VRI*ety exchange is run for VRI by Trading Places International so it seems VRI*ety gets some inventory through that relationship.  I have exchanged into Stormy Point Village in Branson through VRI*ety and that is not a VRI managed or associated property.  I also see Worldmarks and Wyndhams in their drop-down lists.

VRI*ety generally operates on the 'like for like' principal so you may have a size upgrade fee.  The exchange fee is quite a bit lower than RCI so even adding an upgrade fee doesn't put you much past RCI's exchange fee alone.  I don't think the 1 in 5 RCI rule applies to VRI*ety (or any other exchange company outside of RCI).

I like VRI*ety and hope it continues to grow.  Hope you can get that Mayan!


----------



## T_R_Oglodyte (Jan 7, 2012)

gravityrules said:


> VRI*ety exchange is run for VRI by Trading Places International so it seems VRI*ety gets some inventory through that relationship.  I have exchanged into Stormy Point Village in Branson through VRI*ety and that is not a VRI managed or associated property.  I also see Worldmarks and Wyndhams in their drop-down lists.



Though I haven't made specific tests to verify this, my impression is that everything that is in the TPI spacebank shows up in the VRI*ety spacebank.  But there is VRI*ety spacebank inventory that does not appear in the TPI system.  

I have done three trades so far through VRI*ety - just did my third yesterday.  Lower cost, and I love being able to split my week.
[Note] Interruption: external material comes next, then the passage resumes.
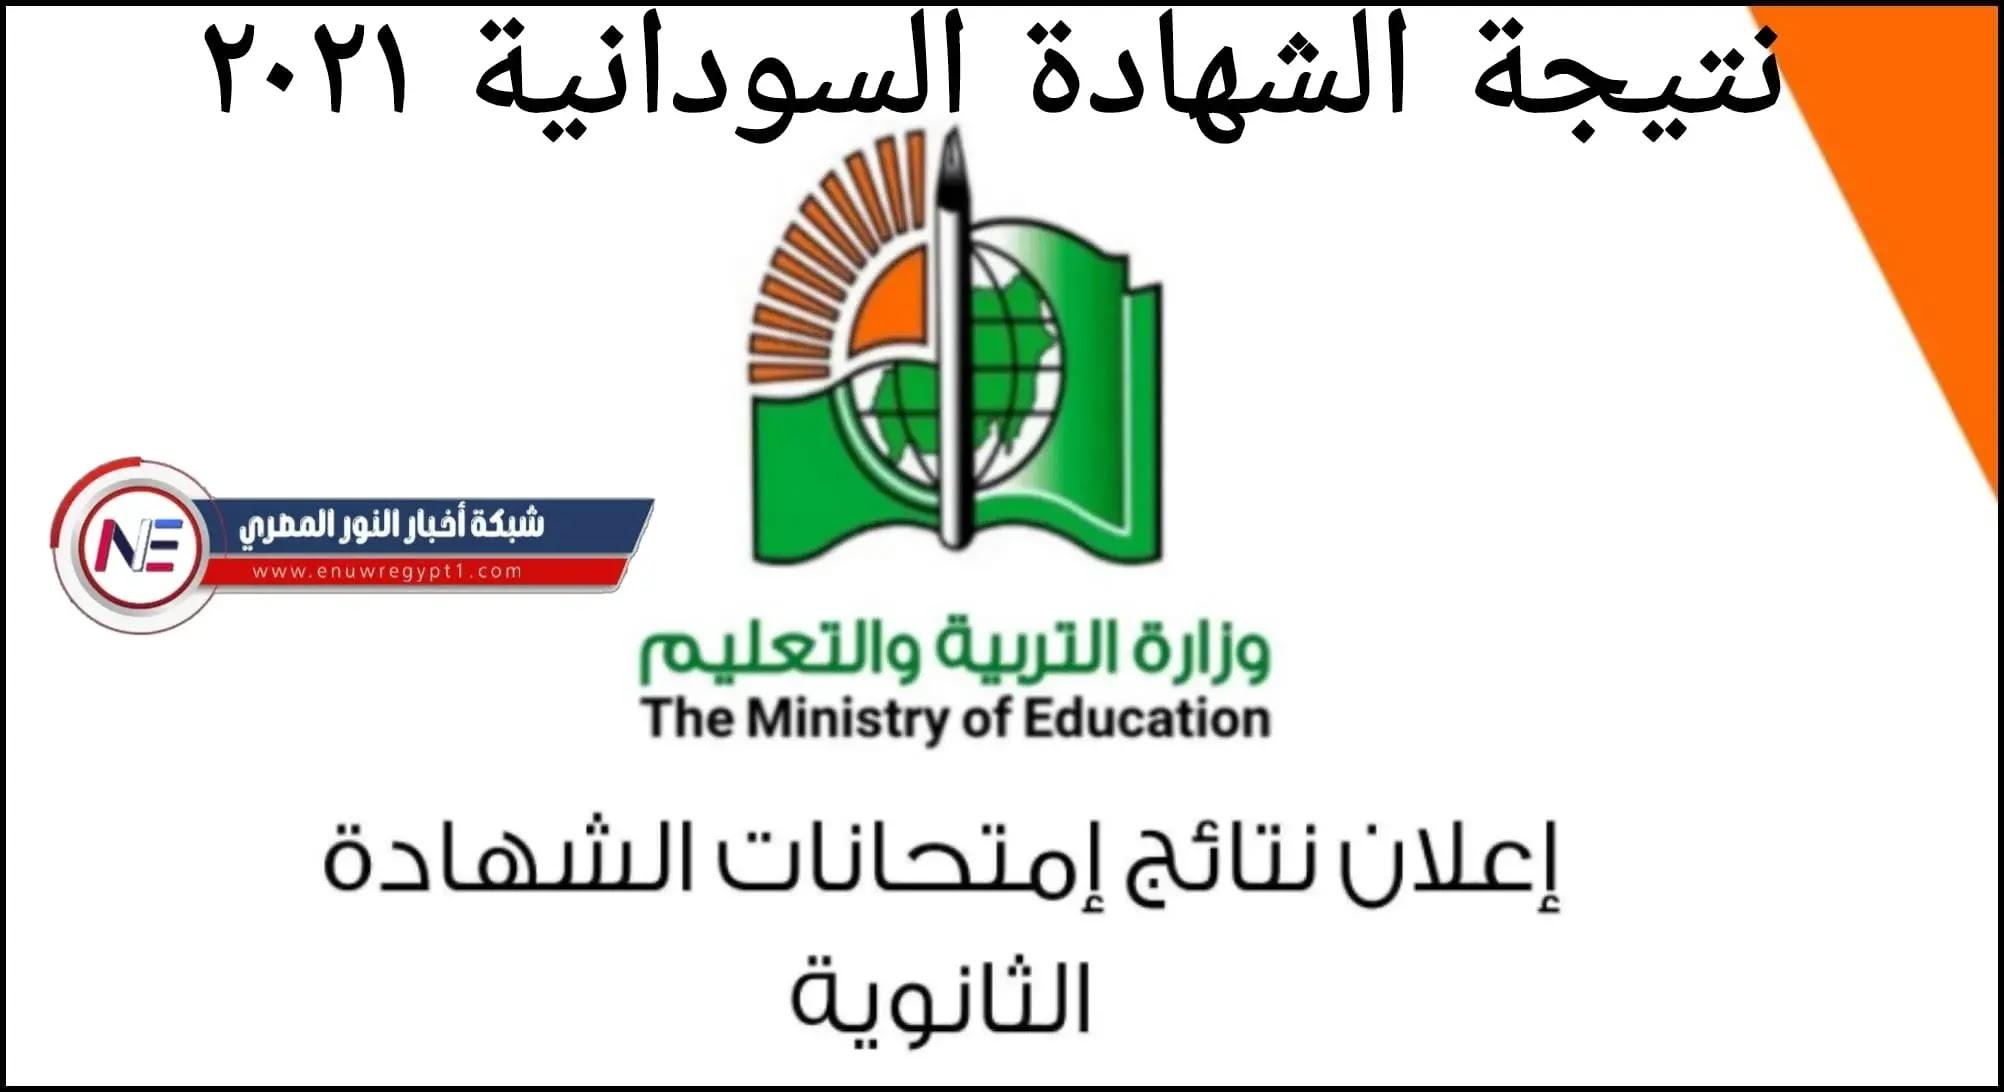 """""""رابط شغال"""" .. استخراج نتيجة الشهادة السودانية 2021 بالاسم ورقم الجلوس عبر الموقع الرسمي لوزارة التربية والتعليم بالسودان"""

I have found that VRI*ety is great for creating weekend getaways or filling in a few days on the front or back of another trip to be able to match up to lower air fares.


----------



## JudyS (Jan 7, 2012)

T_R_Oglodyte said:


> Though I haven't made specific tests to verify this, my impression is that everything that is in the TPI spacebank shows up in the VRI*ety spacebank.  But there is VRI*ety spacebank inventory that does not appear in the TPI system.


That is my impression, too: Everything that Trading Places has is also available in VRI*ety. However, VRI*ety has additional inventory that is not available via Trading Places. This additional inventory is generally at VRI-managed resorts, and some of it is quite desirable.
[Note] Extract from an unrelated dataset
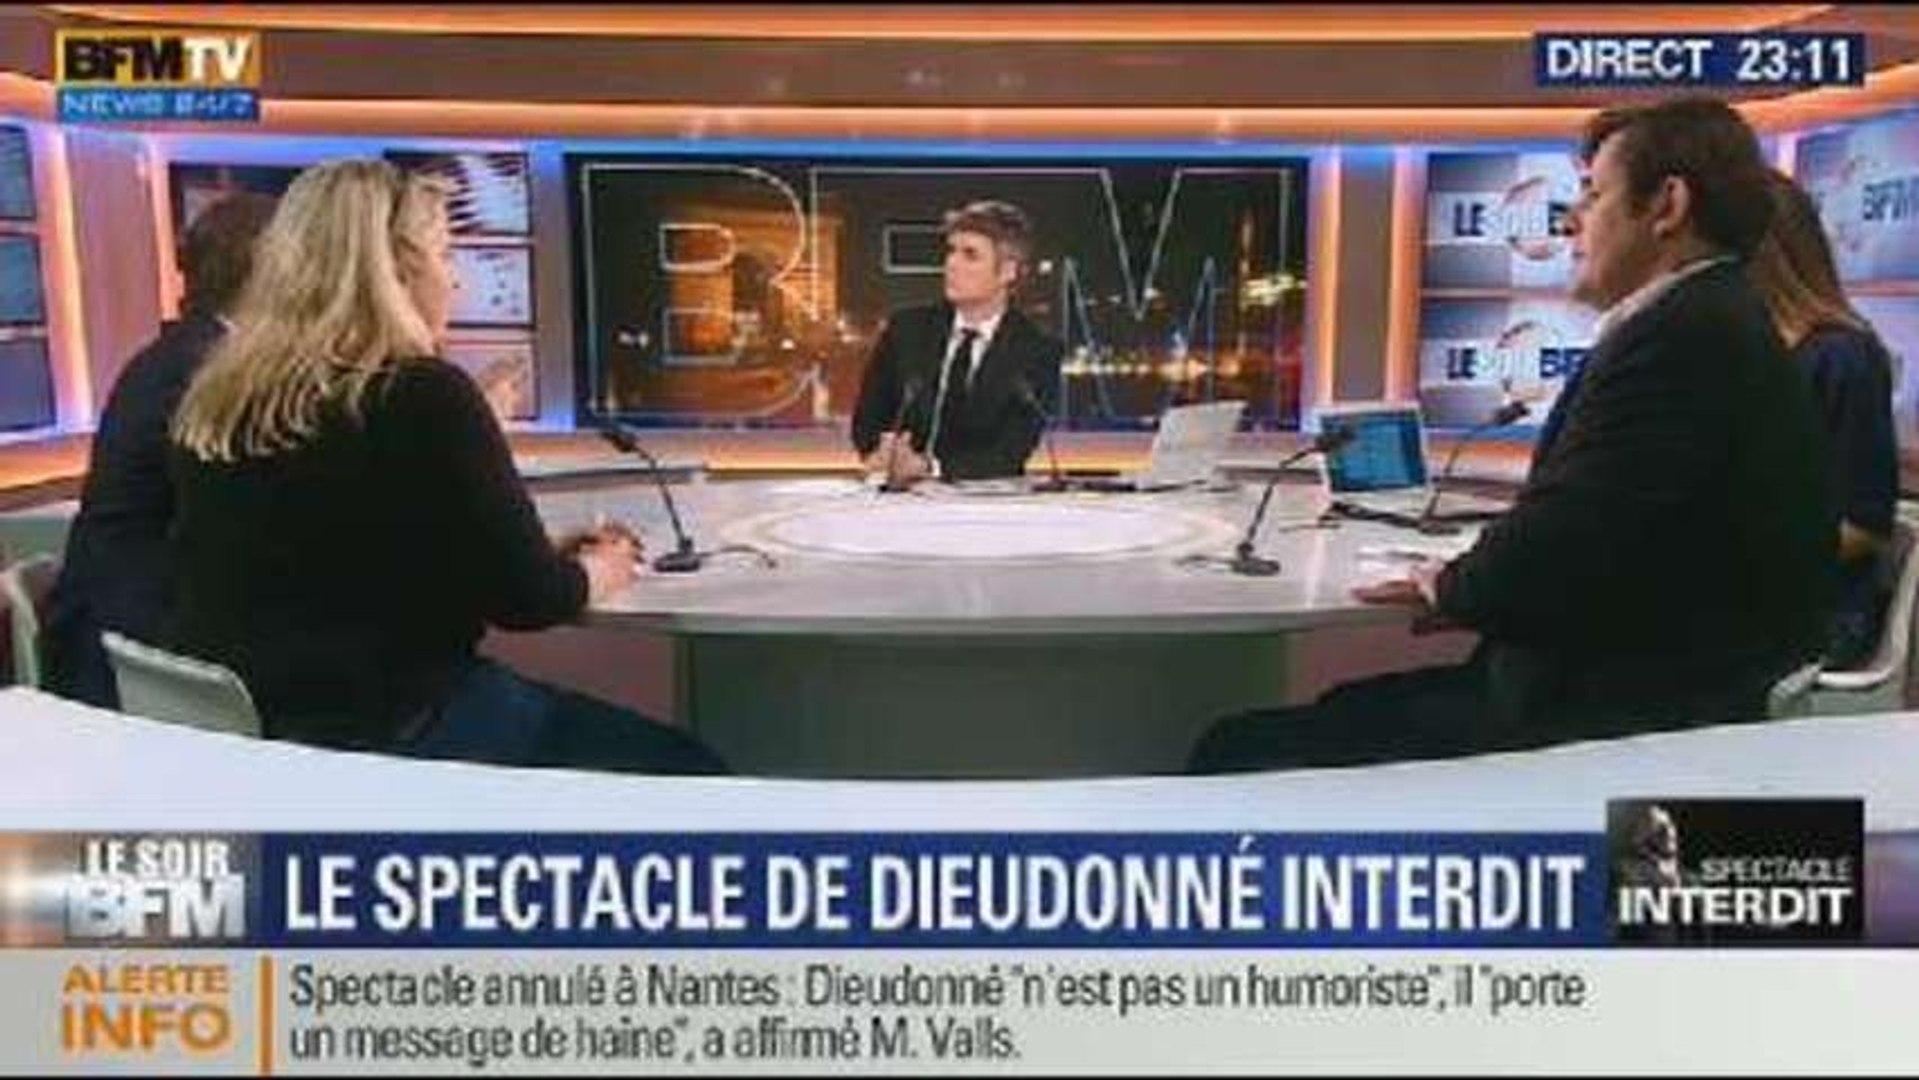 Le Soir BFM: Le spectacle de Dieudonné est interdit - 09/01 2/2

As for the Grupo Mayan question, I don't think there is any relationship between the VRI management company and Grupo Mayan. Trading Places gets a fair amount of Grupo Mayan inventory, and that inventory is available to VRI*ety members. I don't think any 1-in-4 type rule applies to any resorts booked with VRi*ety or Trading Places.



T_R_Oglodyte said:


> I have done three trades so far through VRI*ety - just did my third yesterday.  Lower cost, and I love being able to split my week. I have found that VRI*ety is great for creating weekend getaways or filling in a few days on the front or back of another trip to be able to match up to lower air fares.
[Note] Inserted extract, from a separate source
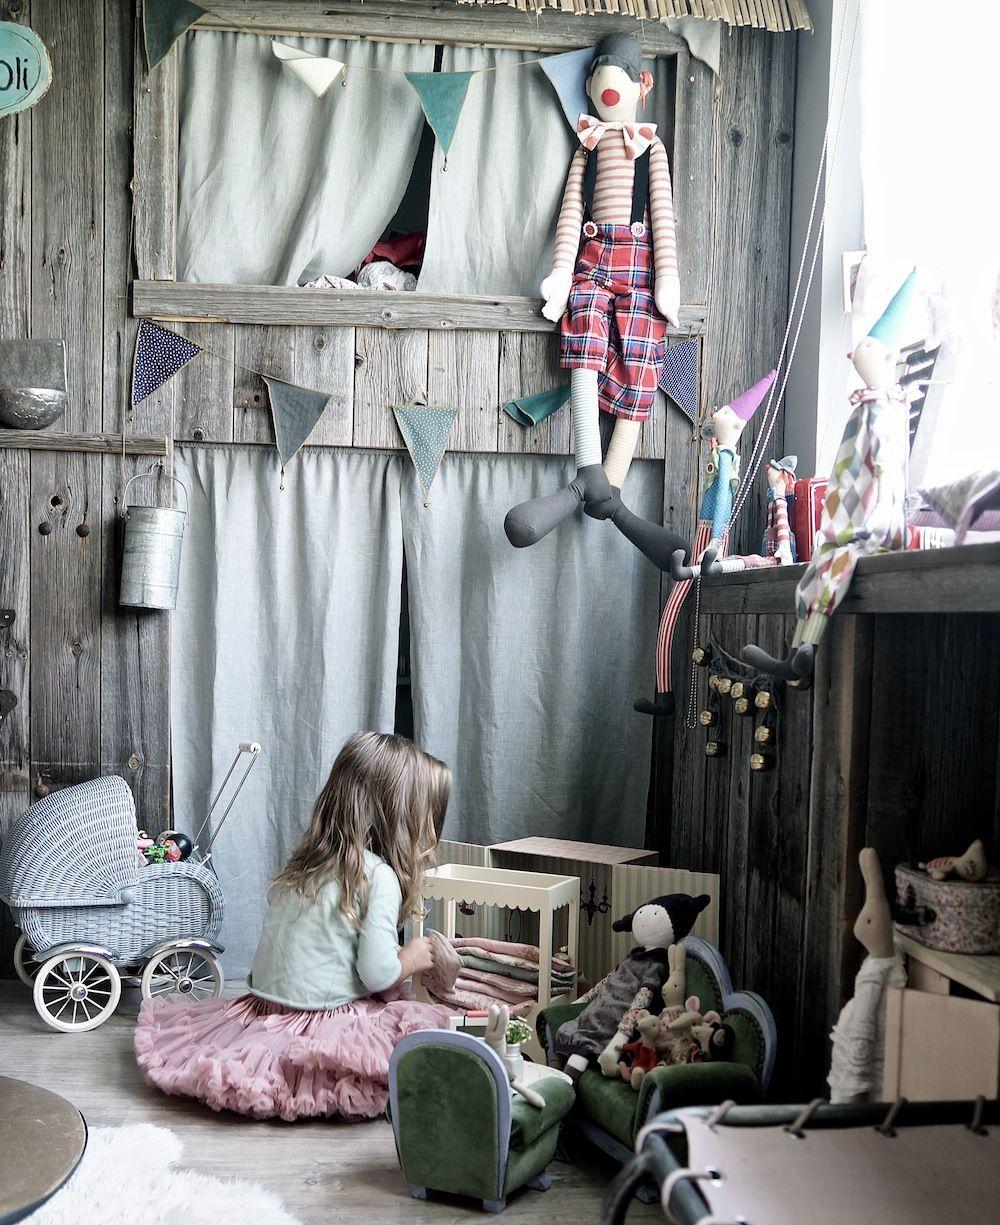 couleurs : vieux rose, gris | Déco - Lili in wonderland | Pinterest ...

I've done a batch of VRI*ety trades, but I haven't tried their split-week option. Back in the days before VRI bought out ORE, there was a split-week option for ORE owners, but it always seemed too complicated to me, with several fees involved. Steve, when you split your week with VRI*ety, do you just pay a second exchange fee, or are other fees involved? (I know that you can only get one weekend for each deposited week; the second exchange has to be for four weeknights.)


----------



## T_R_Oglodyte (Jan 7, 2012)

JudyS said:


> That is my impression, too: Everything that Trading Places has is also available in VRI*ety. However, VRI*ety has additional inventory that is not available via Trading Places. This additional inventory is generally at VRI-managed resorts, and some of it is quite desirable.
> 
> As for the Grupo Mayan question, I don't think there is any relationship between the VRI management company and Grupo Mayan. Trading Places gets a fair amount of Grupo Mayan inventory, and that inventory is available to VRI*ety members. I don't think any 1-in-4 type rule applies to any resorts booked with VRi*ety or Trading Places.
> 
> I've done a batch of VRI*ety trades, but I haven't tried their split-week option. Back in the days before VRI bought out ORE, there was a split-week option for ORE owners, but it always seemed too complicated to me, with several fees involved. Steve, when you split your week with VRI*ety, do you just pay a second exchange fee, or are other fees involved? (I know that you can only get one weekend for each deposited week; the second exchange has to be for four weeknights.)


IIRC - when you make the first reservation you pay the exchange fee plus a splitting fee.  You don't pay anything extra for the second exchange fee because it's not a new new exchange; you're just using the unused portion of that previous exchange.


----------